徐风自那日疑心萧恕中蛊后,便一直留意着道人的消息。

没曾想,不到几日便就教手下的人找着了南阳太虚道观,据悉其宗师潜允道长已是得天之道,名扬四海。

那夜,他辗转难眠,东方既白之时便留下书信一封,纵马赶去。

初时,潜允道长拒而不见,声音从门内远远传来:“贫道不会解蛊,你合该去寻种蛊之人!”

徐风哪肯言弃,使劲浑身解数,“道长不解蛊也可,去瞧一眼我们殿下就好,不会耽误道长太多时间!”

他这么连着求了好几日,道长才勉强松口,却又是叹气不止。

“靡不有初,鲜克有终啊!”

徐风不知何意,遂问他何故,道长却是一扫拂尘,叹道:“罢了,贫道便随你走这一遭。”

徐风感激不尽,将人吹得天花乱坠,他却只是轻道:“此时言谢尚早,贫道亦是无为,不过是劝诫一二,往后造化是为天机,何以窥得?”
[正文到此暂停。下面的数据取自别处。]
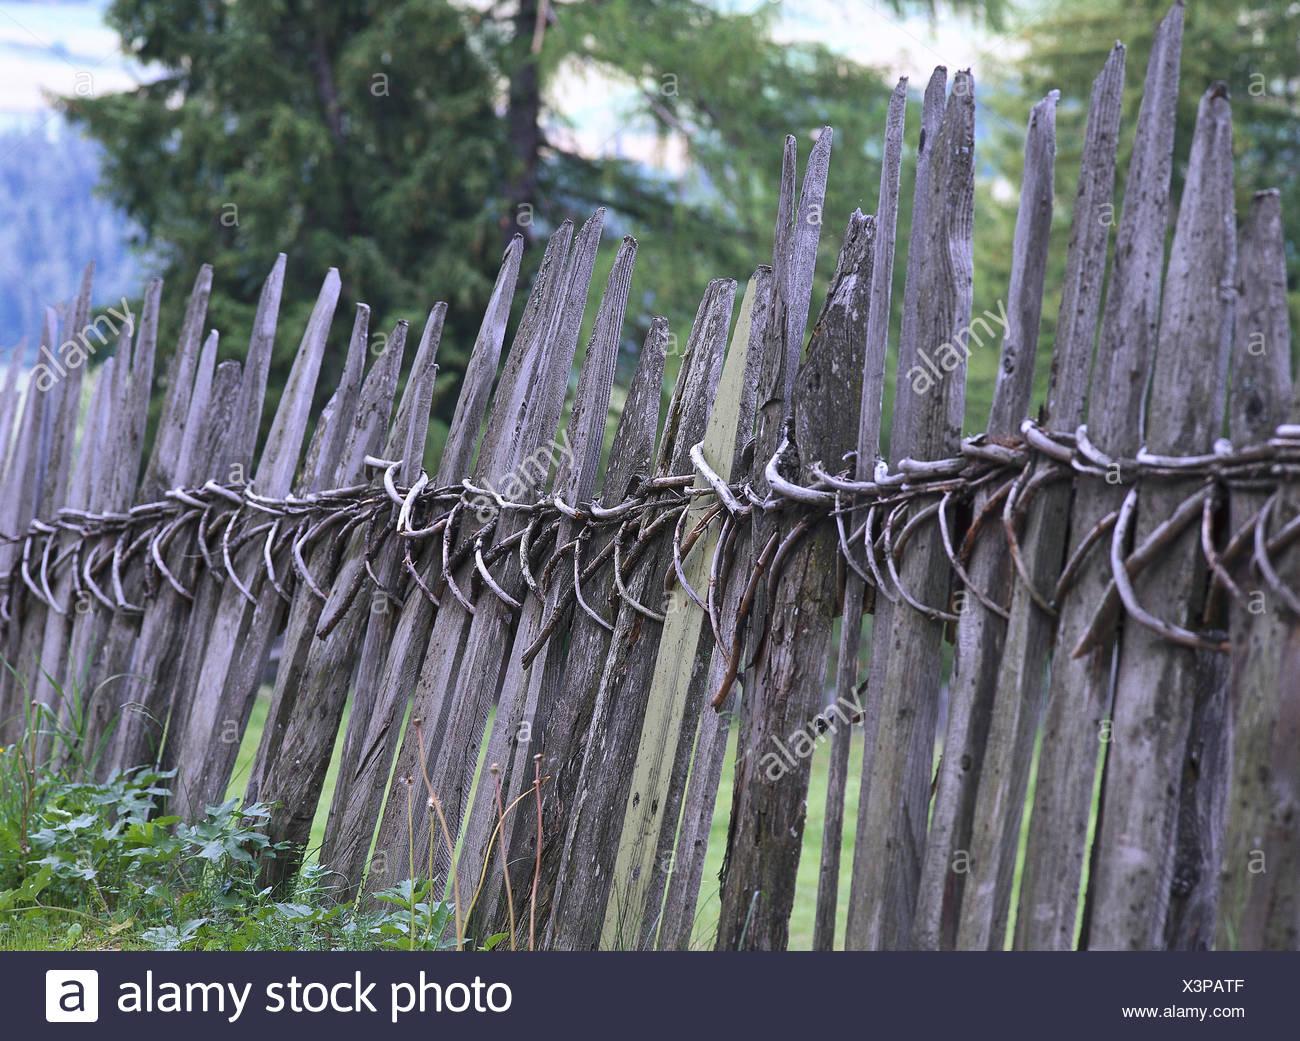 Italy, South Tyrol, Villnößtal, wooden fence, rurally, old, trees ...

他自是应下,即刻带着潜允道长北上至京,半路还曾收到宁王府的密函,殿下竟派他带一队亲兵侍卫去密探汝阳王……

他连看了三遍也未能打消满腹狐疑,但对殿下的命令自然是照遵如旧的,眼下只待去了京都再做打算。

哪知,还未至都门便听得殿下不好了,他一时也顾不得真假,愈发急着赶路,这会带人到了,看到殿下如此躺上床上病恹恹的模样更是着急上头。

潜允道长却是不疾不徐地过去将拂尘放至殿下手中,几乎是下一瞬,殿下便将那拂尘死死握住,似指尖都要嵌进了掌肉之中方才罢休!

他一惊,便大步扑了过去。

“殿下放手!会伤着自己的!”

陈管事亦是心疼不已,连连哀叹。

“殿下放手吧。您玉体金贵,伤着了,老奴怎么跟宫里娘娘交代啊……”

睡梦之中萧恕却是充耳不闻,如此握了半刻后,他眉头舒展了些许,随之双眸缓缓睁开。

徐风只觉心头堵着的气终是散开,“殿下可算是醒了。”

陈管事见了更是差点落泪。

“殿下醒了就好……老奴这般就去告知众太医,并将此询禀之宫中。”

……

萧恕自觉那日在安常寺晕了后便做了一些断断续续又冗长至极的梦。

梦中,他试着拥她,她却总是若即若离,难以触之,决绝地连一丝丝衣角也不曾予他。

就在他以为她永远都会弃他于不顾之时,她却似停住,着一身嫣红的刻丝如意云纹缎裳宛在一片红灿的那兰提花的花海中央。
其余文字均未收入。